# [TASK DETAILS]
Leave out the pictures, and copy exactly the lines from the line with "Simply Soles Women's Gift Card in $25.00" through the last line of the data below.

# [EXERCISE DATA]
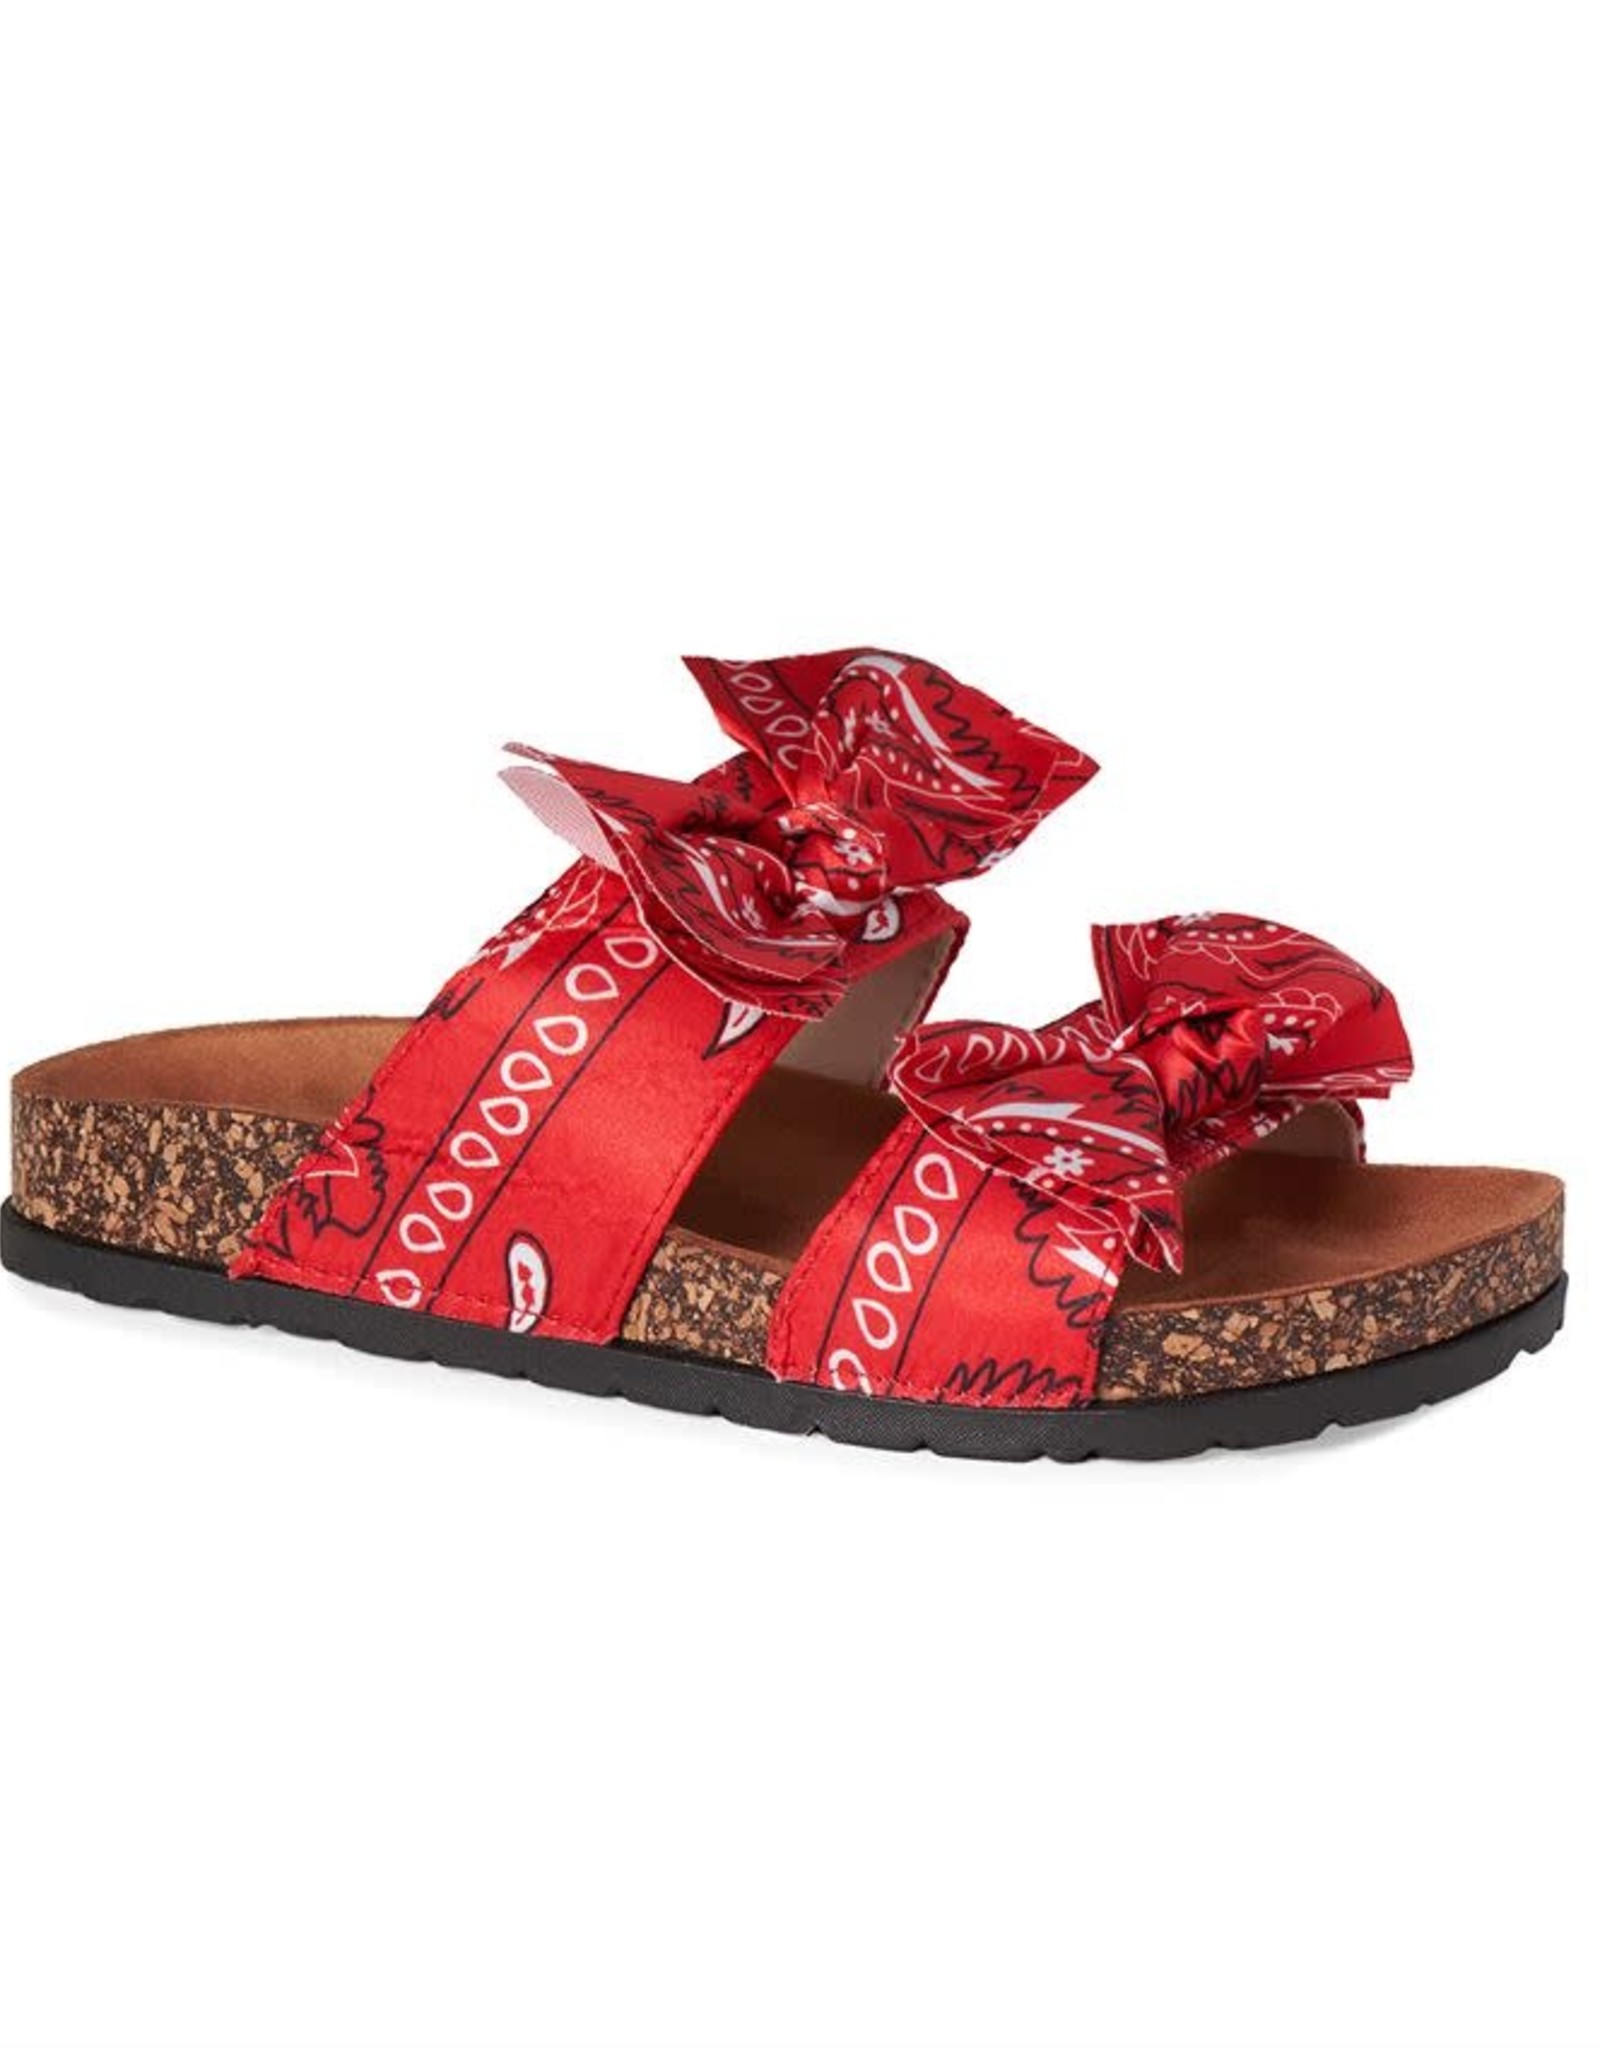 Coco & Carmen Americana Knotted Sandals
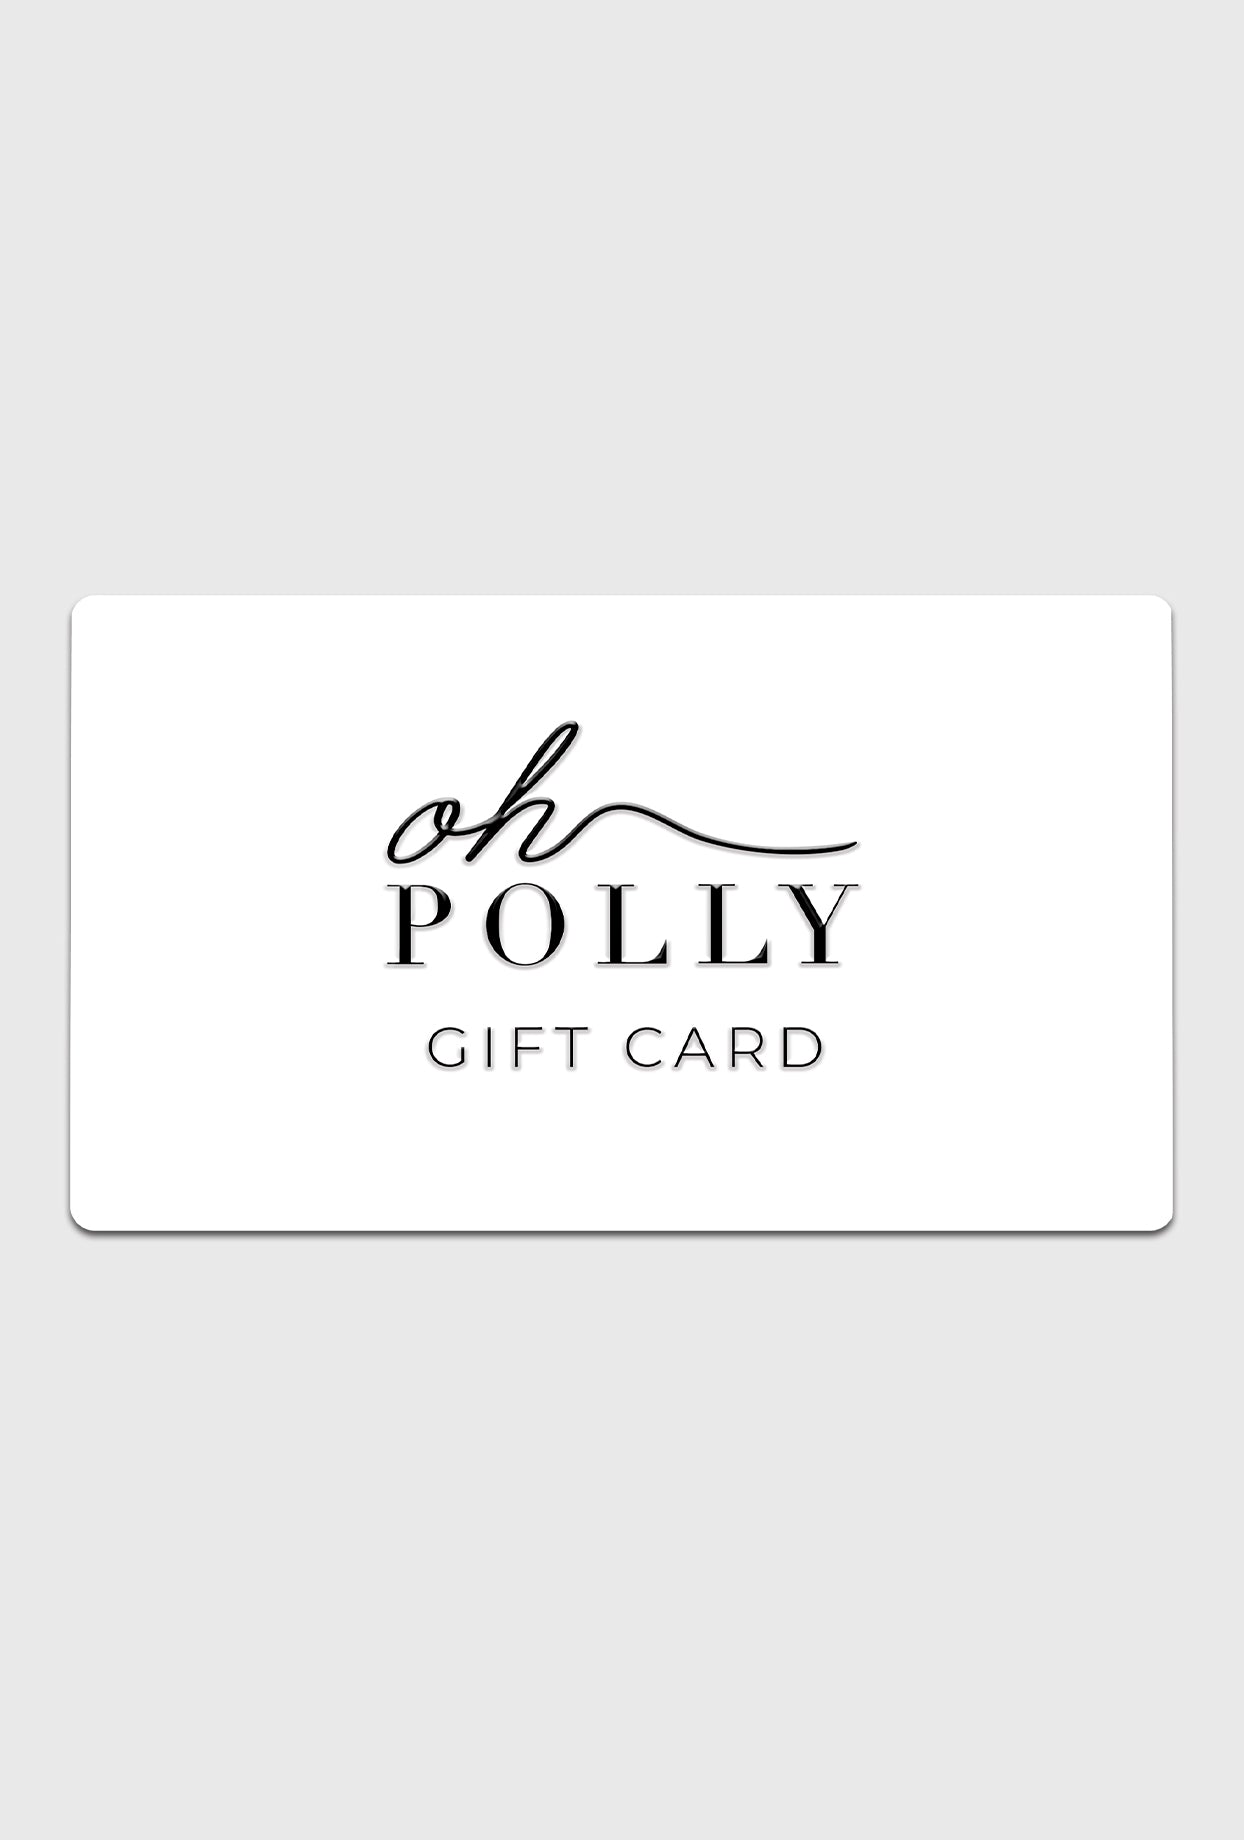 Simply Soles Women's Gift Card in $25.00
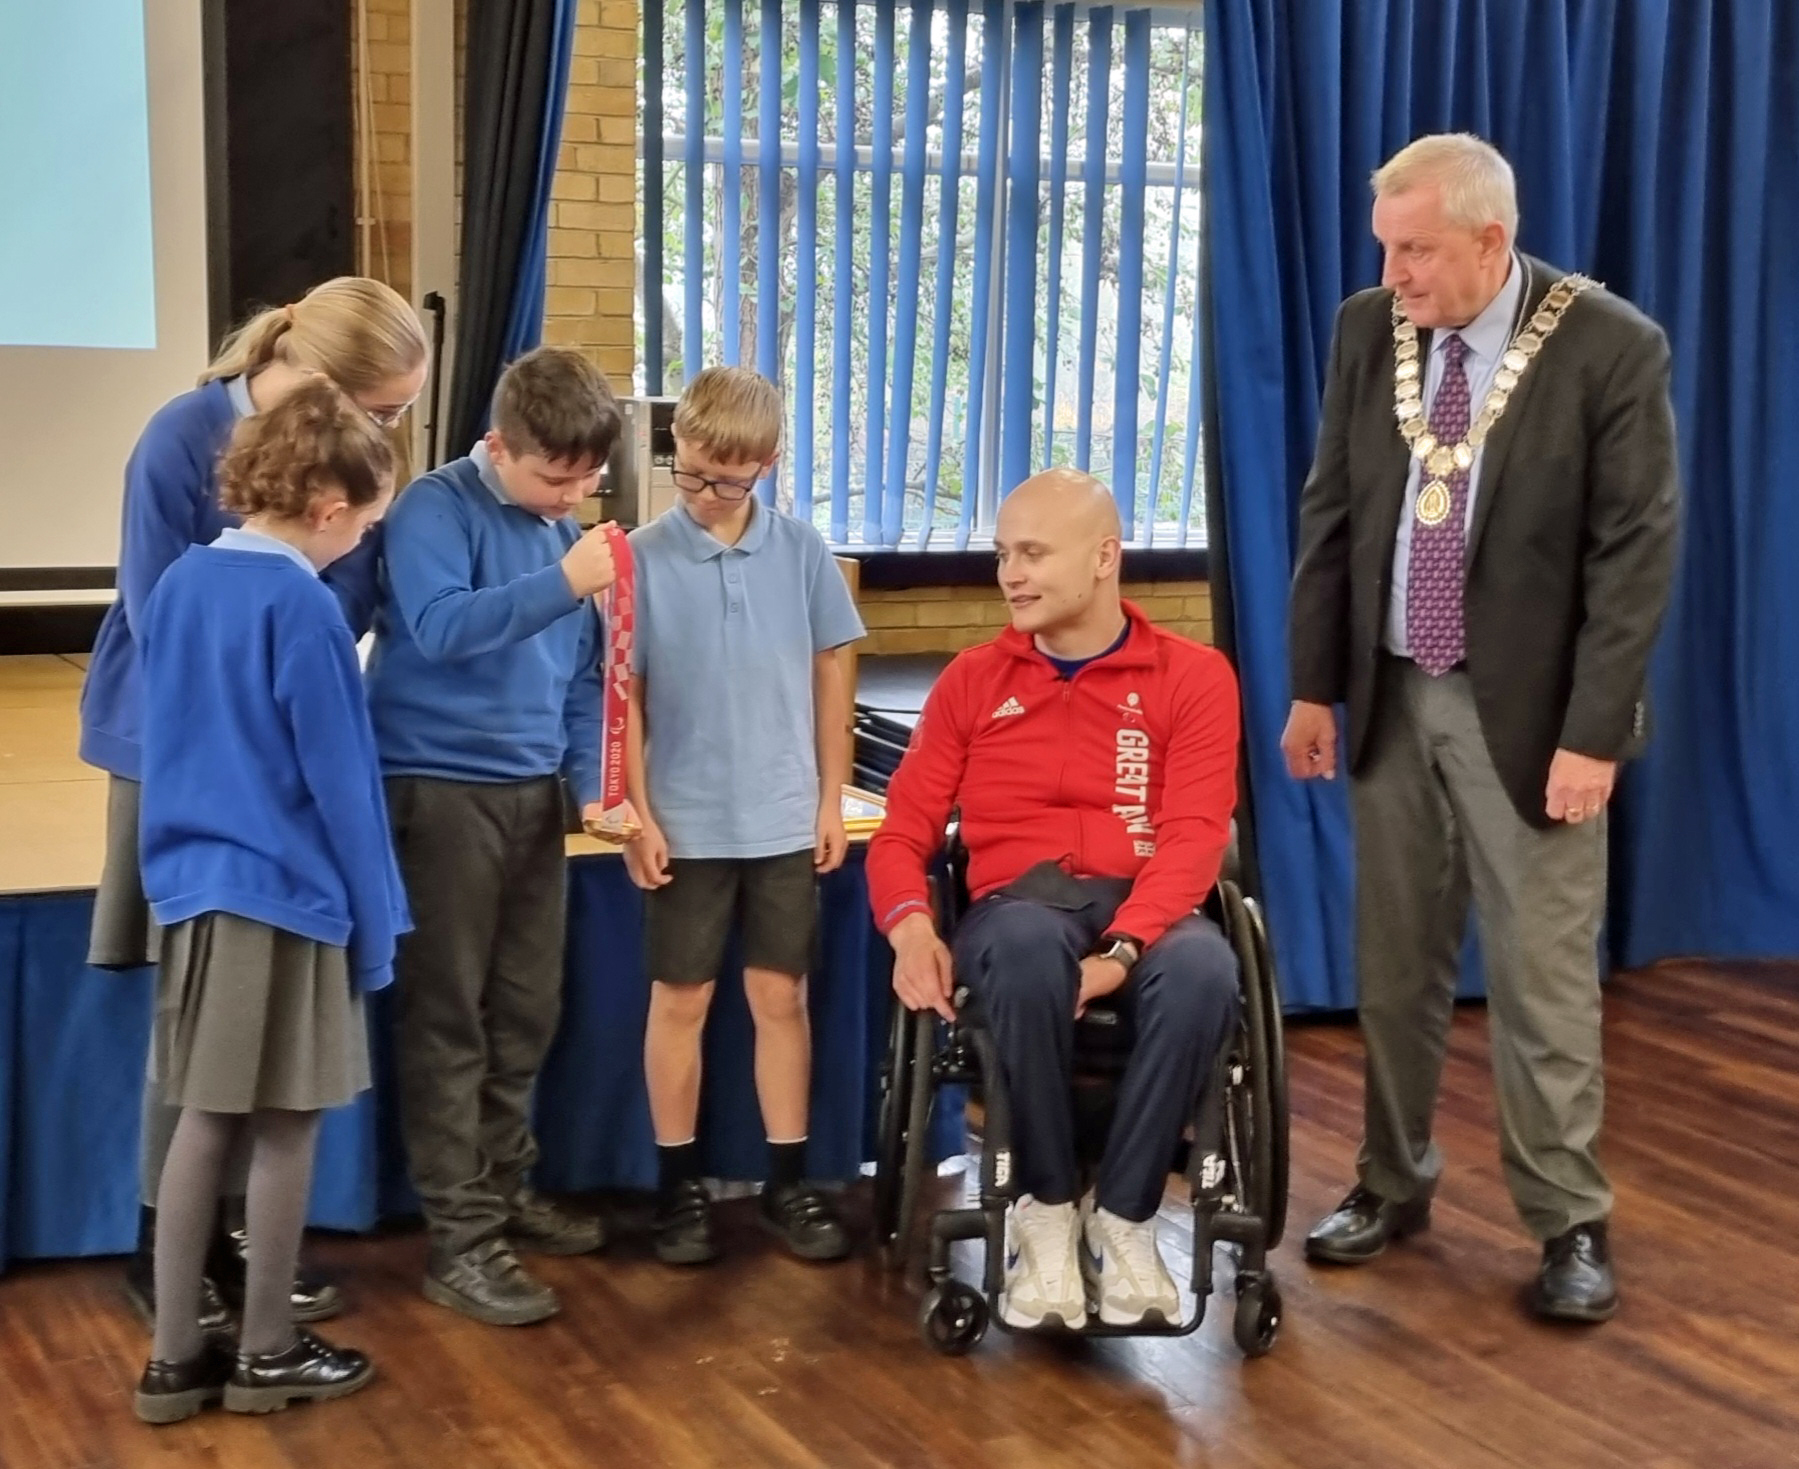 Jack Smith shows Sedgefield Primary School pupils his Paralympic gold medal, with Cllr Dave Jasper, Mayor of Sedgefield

# [FINISHED TASK]
 Simply Soles Women's Gift Card in $25.00
 Jack Smith shows Sedgefield Primary School pupils his Paralympic gold medal, with Cllr Dave Jasper, Mayor of Sedgefield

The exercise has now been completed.